Work as a line cook and you'll understand. So many people live in blissful ignorance when they order their food at restaurants and it arrives in 10-15 minutes alongside 4 different orders from 3 different customer groups. Add the woes of customer service and the pressure is on

by NoEmployment 1 week ago

Hospital lab tech here. I had night shifts where all stat orders came at the same time, emergency room had me on speed dial for results etc. People their lives were actually at stake. Most of those shifts no one yelled at anyone. Kitchen work is time sensitive, but to me actually yelling at people for causing a delay is immature af.

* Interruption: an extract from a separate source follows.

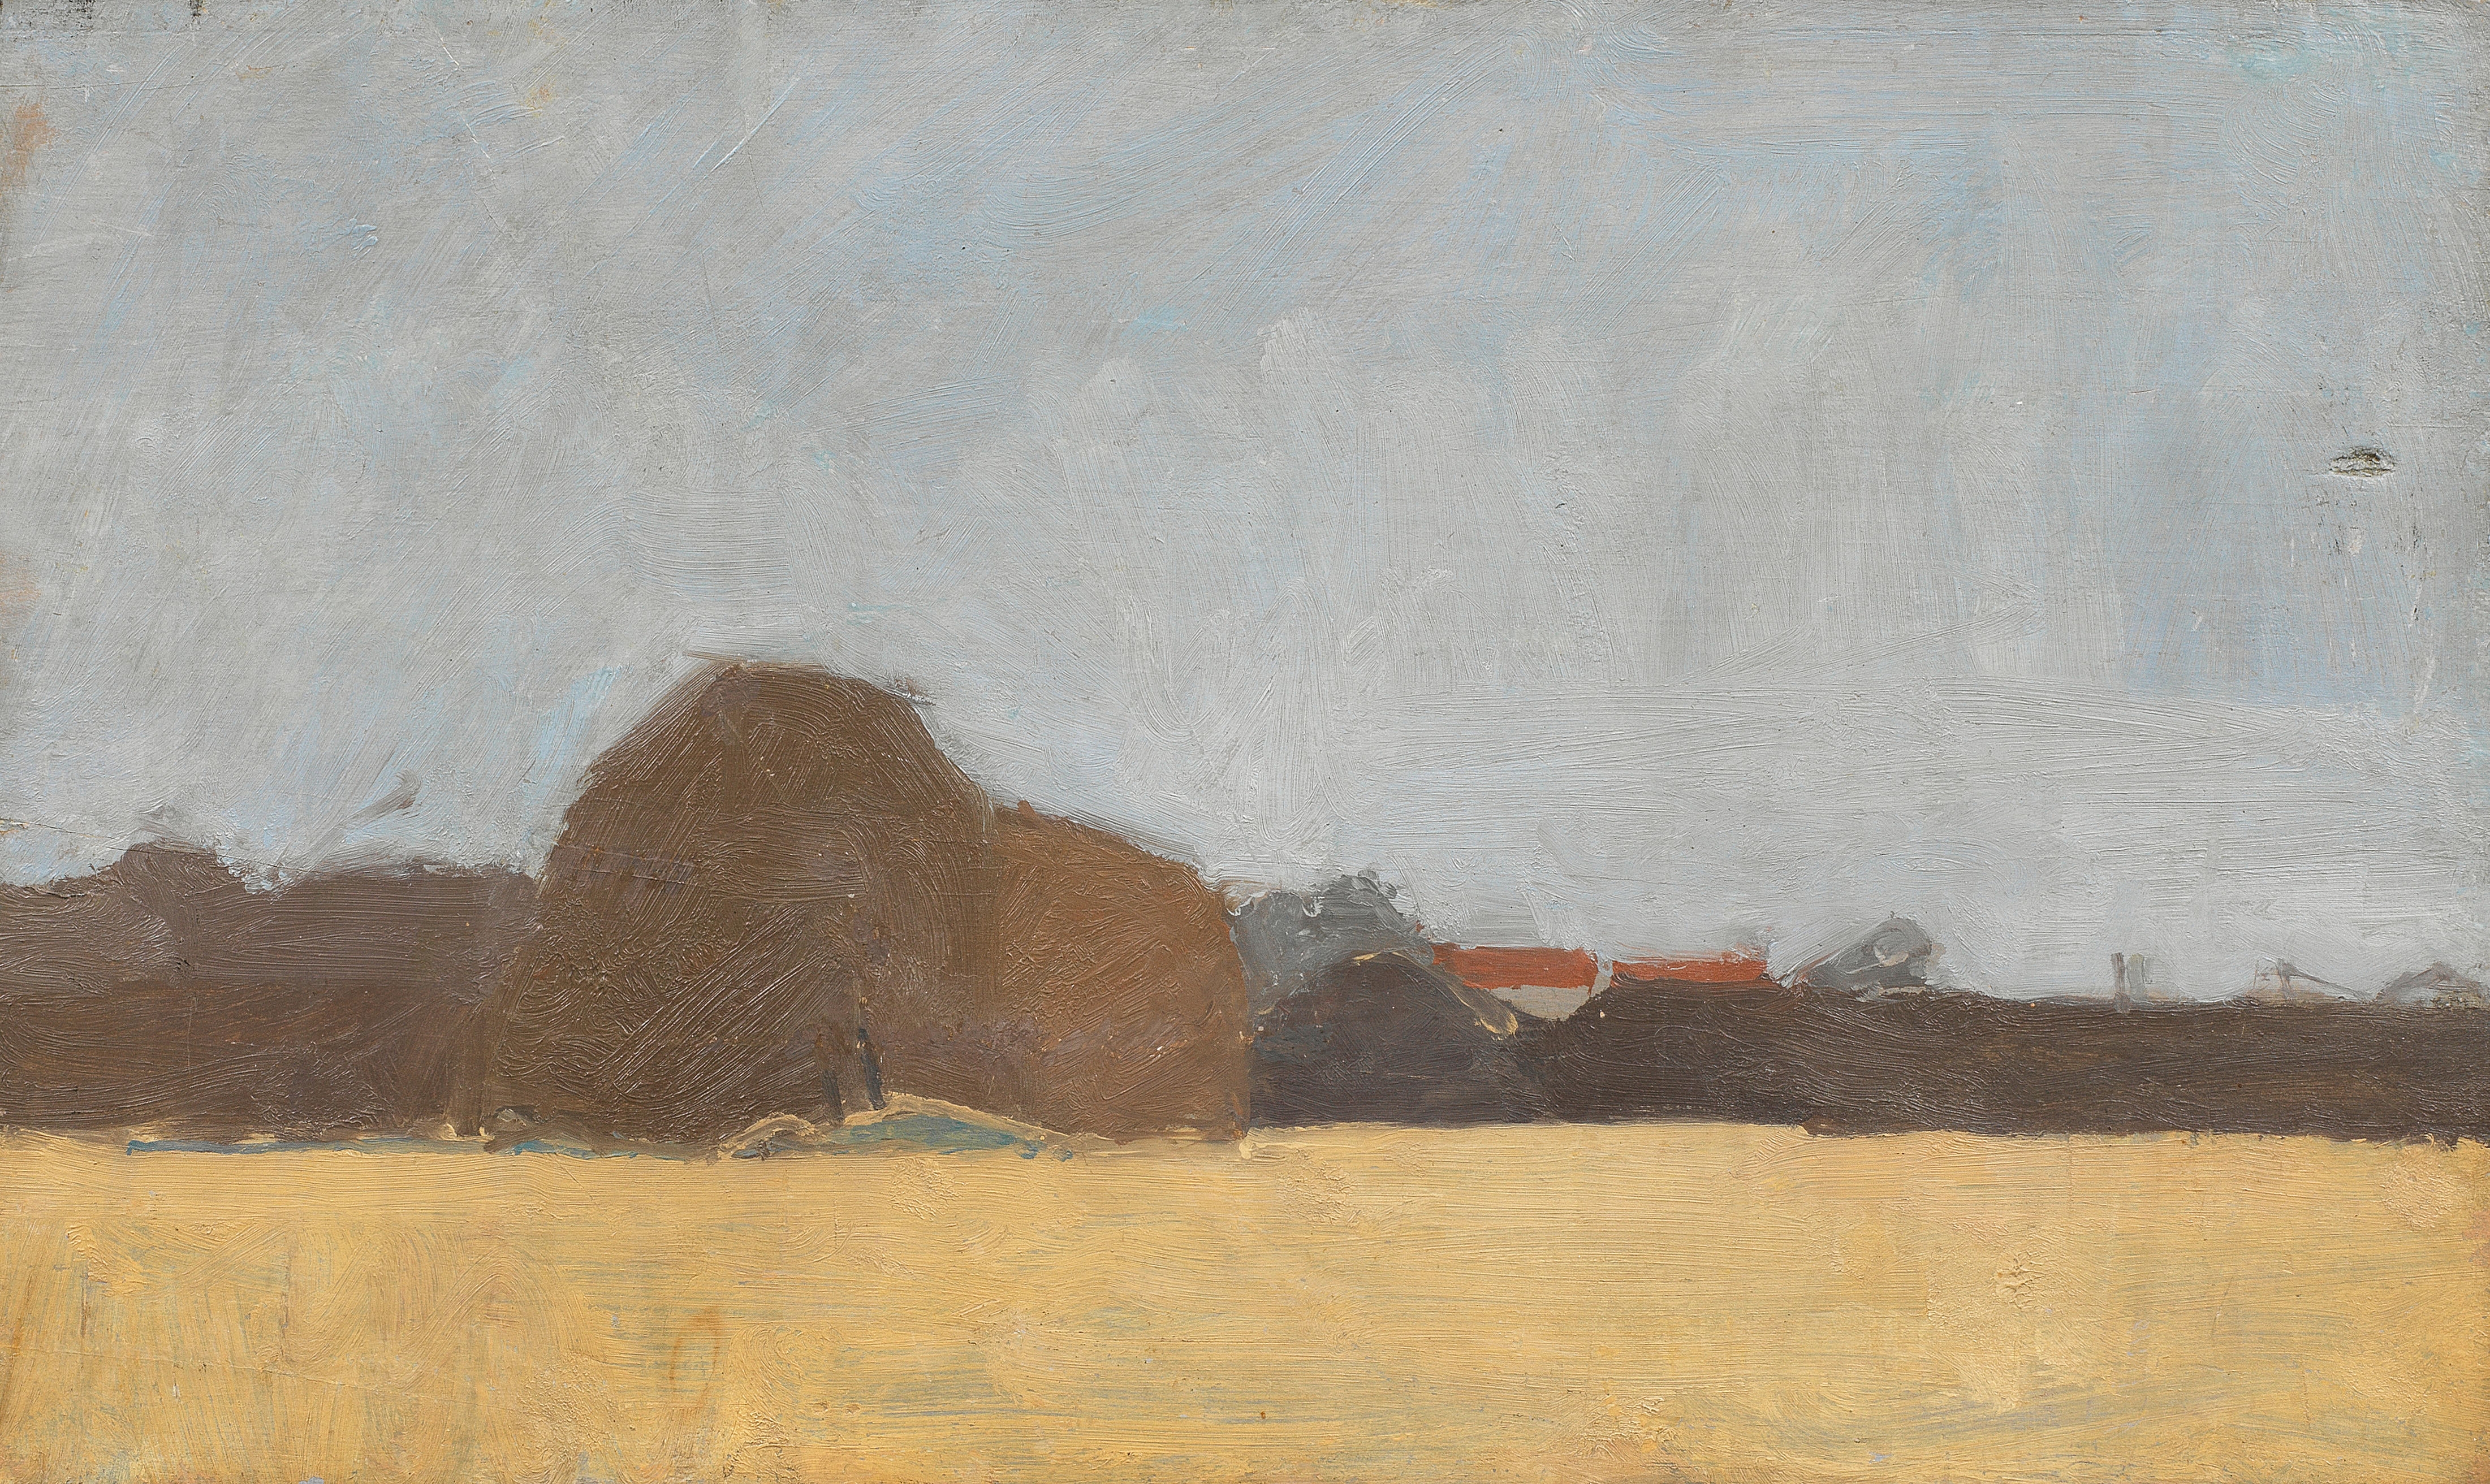 Landscape, Edge of Field by Euan Uglow, Painted circa 1960
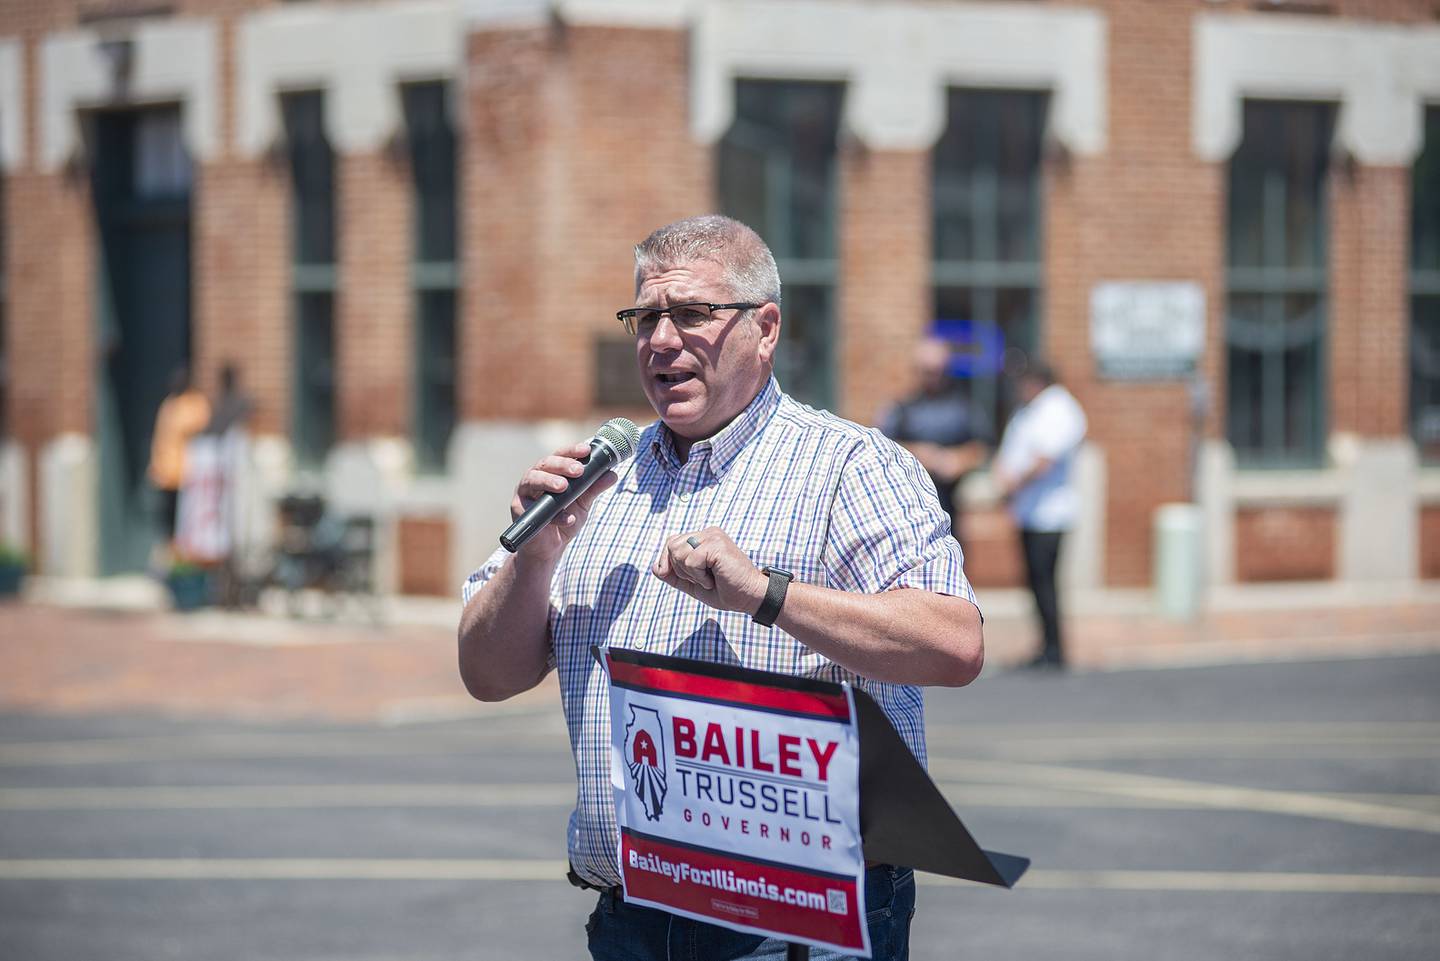 Gubernatorial candidate Darren Bailey speaks to a crowd in Amboy Friday, June 17, 2022 as he makes a campaign trip across northern Illinois. Bailey is on the republican ticket for this month’s primary.

by OldShoulder6670 1 week ago

I wonder if being paid significantly more has anything to do with that. Completely different settings with different wages and people are wondering why they aren't acting the same? are we serious?

by Anonymous 1 week ago

I worked back of the house, front of the house in many restaurants over many years , and then eventually got a job as a med tech. In the beginning when coworkers complained about the working conditions I was amazed because it's literally night and day compared to the kitchen. Like most shifts I just listen to music and use the microscope a bunch, only interacting with others when I want

by drew62 1 week ago

Bro, you're sitting in a room w airconditioner on. You're not on your feet in a hot room w 100 orders and managing a full blown team of people. Customers are gonna LEAVE if it takes longer.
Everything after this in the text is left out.